Personne n’a contesté la barbarie du massacre du 7 octobre, et les détails les plus atroces – voire quelques éléments inventés – ont abondamment nourri les débats sur la nécessité de la riposte. Lorsqu’un fait n’est pas remis en cause, le pouvoir de confirmation de l’image paraît sans objet. S’infliger la vision d’actes insoutenables n’a de sens que lorsque le document modifie la perception existante. «Non seulement on n’a pas eu besoin de voir la décapitation de James Foley pour faire comprendre ce qu’est l’État islamique ou de montrer la tête de Samuel Paty pour rendre compte de l’atrocité de son assassinat, mais, surtout, les images, on le sait, ne persuadent pas les complotistes», constate le député macroniste Eric Bothorel. A trop vouloir manipuler l’émotion, on prend le risque de montrer le doigt plutôt que la Lune.
4 réflexions au sujet de « Les images de guerre, arme d’émotion massive? »
Il est clair que les images du massacre du 7 octobre servent, encore aujourd’hui après plus d’un mois, à préparer l’opinion publique à la vengeance aveugle de Tsahal, à lui délivrer une carte blanche pour aller bien au-delà de ce que «permet» la loi du Talion puis à relancer la colère dès qu’elle se calme. Et pour se faire les politiques israéliens n’ont pas besoin de diffuser ces images au grand public même avec les visages floutées, mais uniquement à ceux qui détiennent un pouvoir, les hommes politiques, les journalistes ou les décideurs stratégiques ou financiers. Nous ne sommes pas en présence d’une preuve accablante ou de pièce à conviction, personne n’a contesté ces faits qui sont d’une extrême violence, abstraction des macabres canulars démentis de toutes parts. C’est une redoutable guerre des images où tous les coups sont permis… Et comme vous le dites dès le titre, nos écrans ont été pris d’assaut avec un flot continu d’images en direct, d’expertises de spécialistes, d’une surenchère de statistiques pour la seule fin non pas de nous présenter les faits ou de nous exposer les conséquences mais pour nous faire apitoyer. Cette exercice continu maintenant avec des images douteuses d’un tunnel alors qu’il s’agit d’une cage d’ascenseur, d’armes oubliées à coté d’un scanner d’hôpital ou d’un emploi du temps collé sur un mur pris pour un tour de garde des otages.
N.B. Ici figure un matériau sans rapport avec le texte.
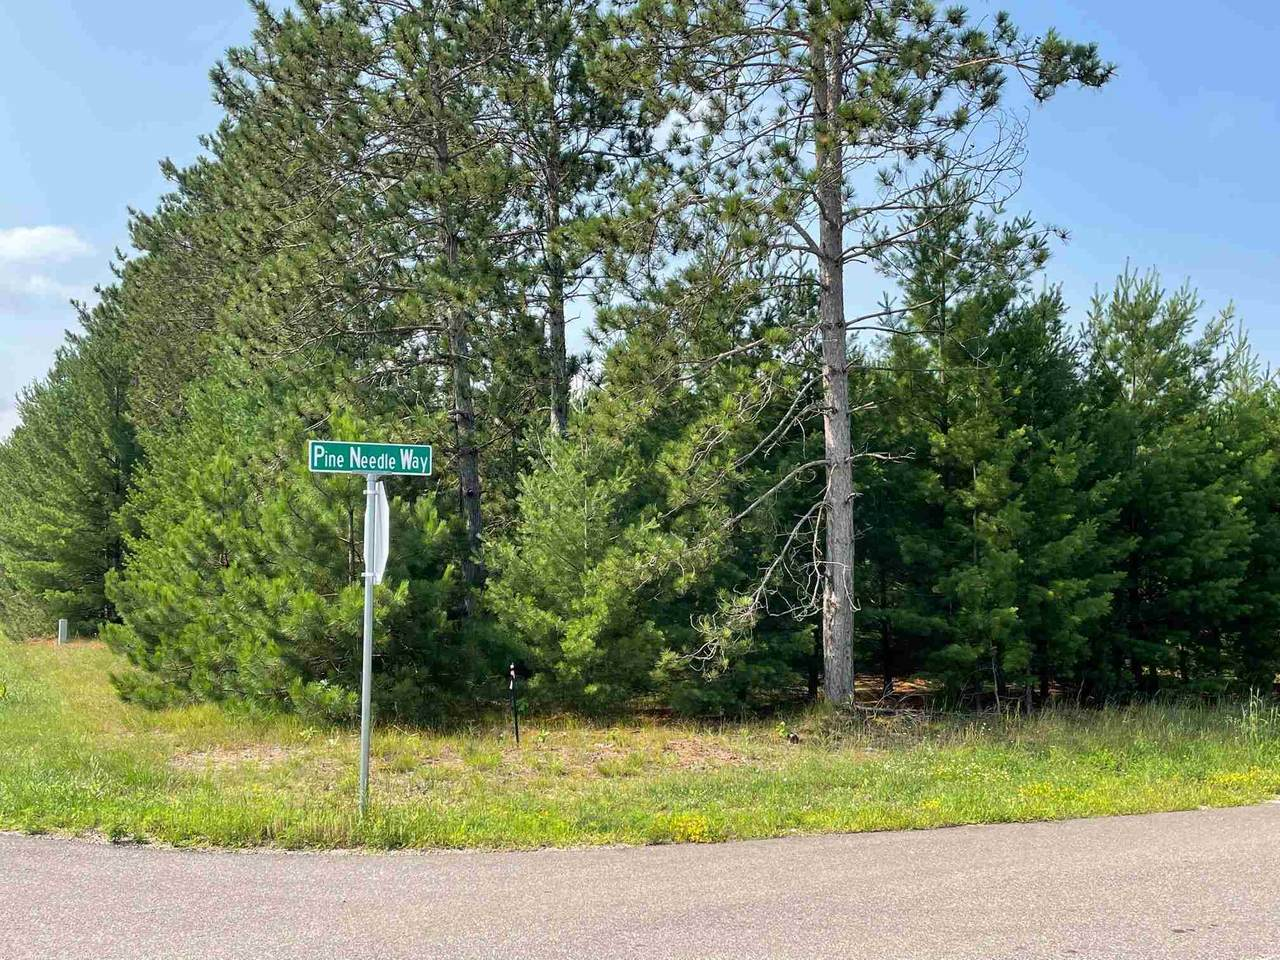 4720-Lot 22 of Grand Pine Needle Way - Photo 1

Il est curieux de constater qu’une organisation qui a pu berner une des plus grandes armées du monde et distraire les plus grands services de contre espionnage va « oublier » des armes ou laisser trainer les noms de ses membres….Oui, à vouloir trop en faire en on arrive à des affirmations ridicules mais certains inconditionnels n’y verront, de toutes les façons, que du feu !
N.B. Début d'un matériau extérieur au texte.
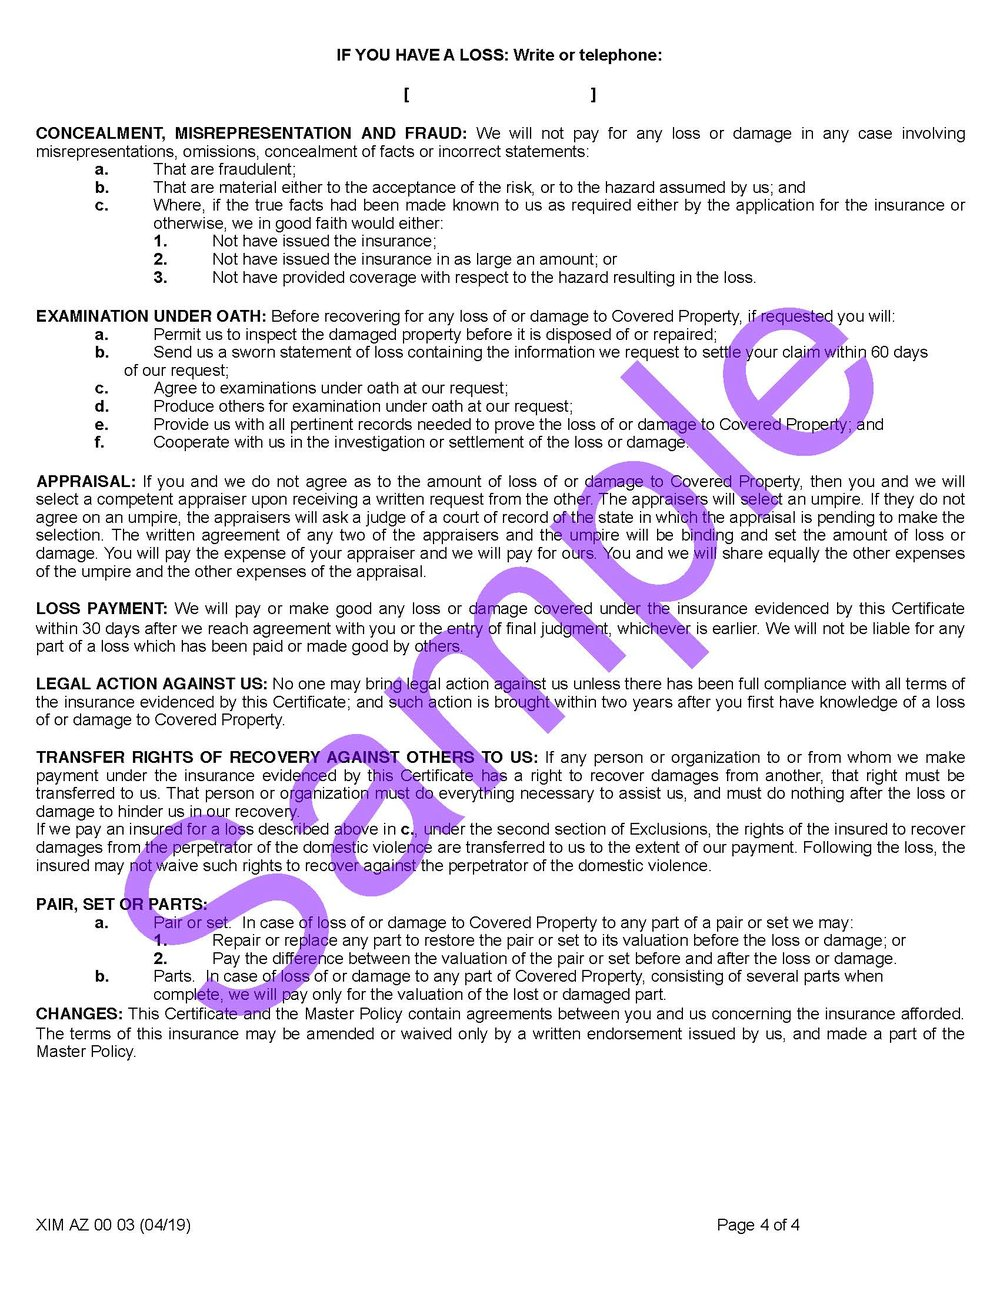 XIM AZ 00 03 04 19 Arizona Certificate of Insurance_Page_4.jpg

Merci pour cette lucide compréhension de ce qui a été « joué » au moyen de ces diffusions. D’autant plus méritoire d’être si lucide que tout a été, ici, délibérément fabriqué pour obscurcir le jugement.
Merci à Vous profondément pour cette analyse de qualité.
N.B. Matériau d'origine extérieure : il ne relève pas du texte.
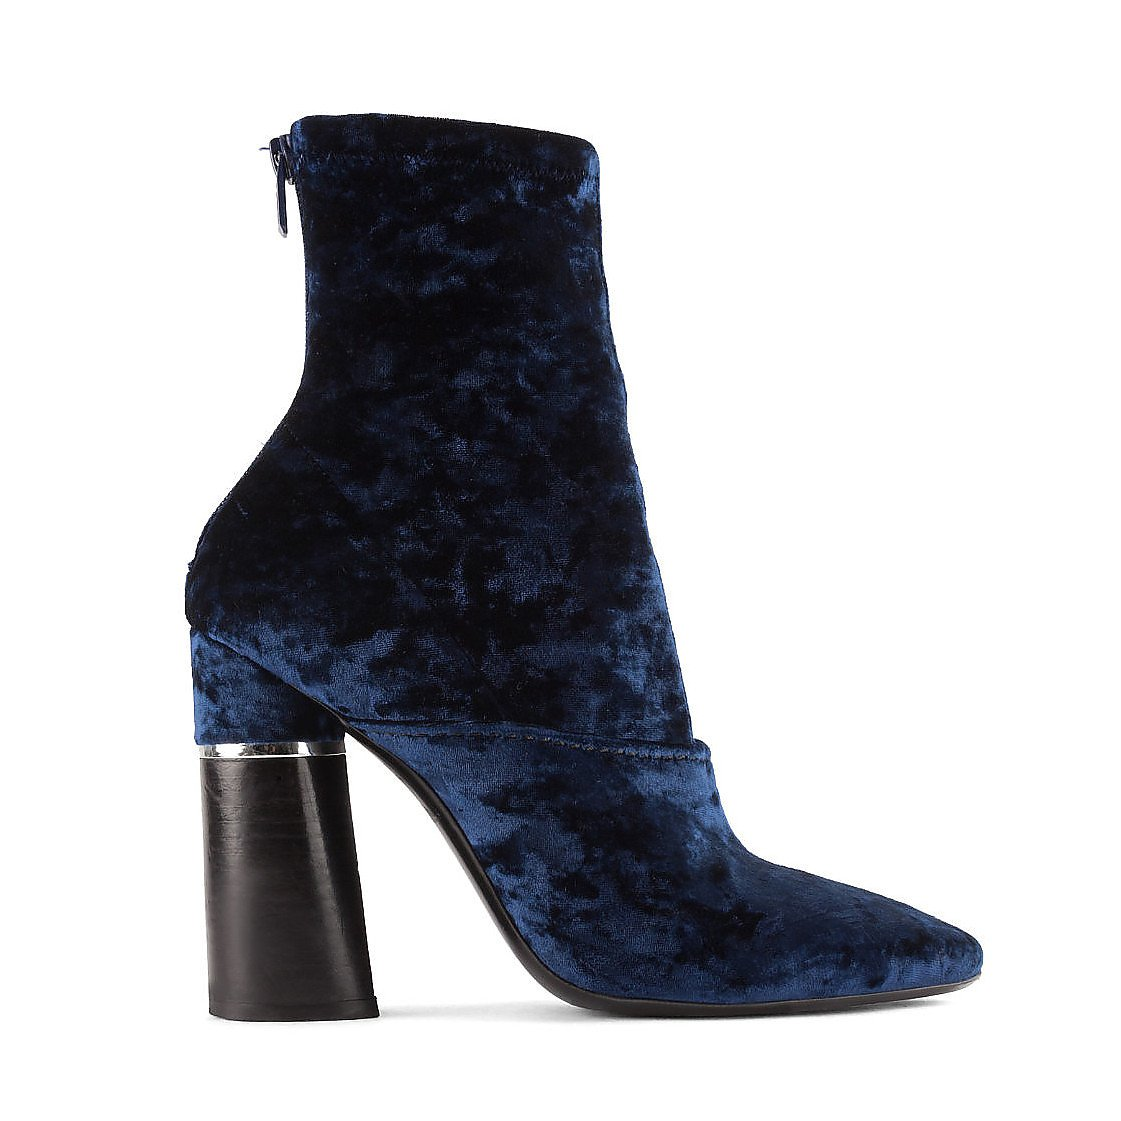 3.1 Phillip Lim Kyoto Velvet Heeled Sock Boots

Elle fait beaucoup de bien. Nous ne sommes donc pas au bout de nos surprises.
Cela peut compléter ce roman noir non encore lu de Frédéric PAULIN, « La guerre est une ruse » publié dans la collection « Folio policier » no 905.
M. ERNER n’a sans doute pas pu parler – comme Vous positivement dans la présente analyse – en « Je » sur l’antenne de France Culture.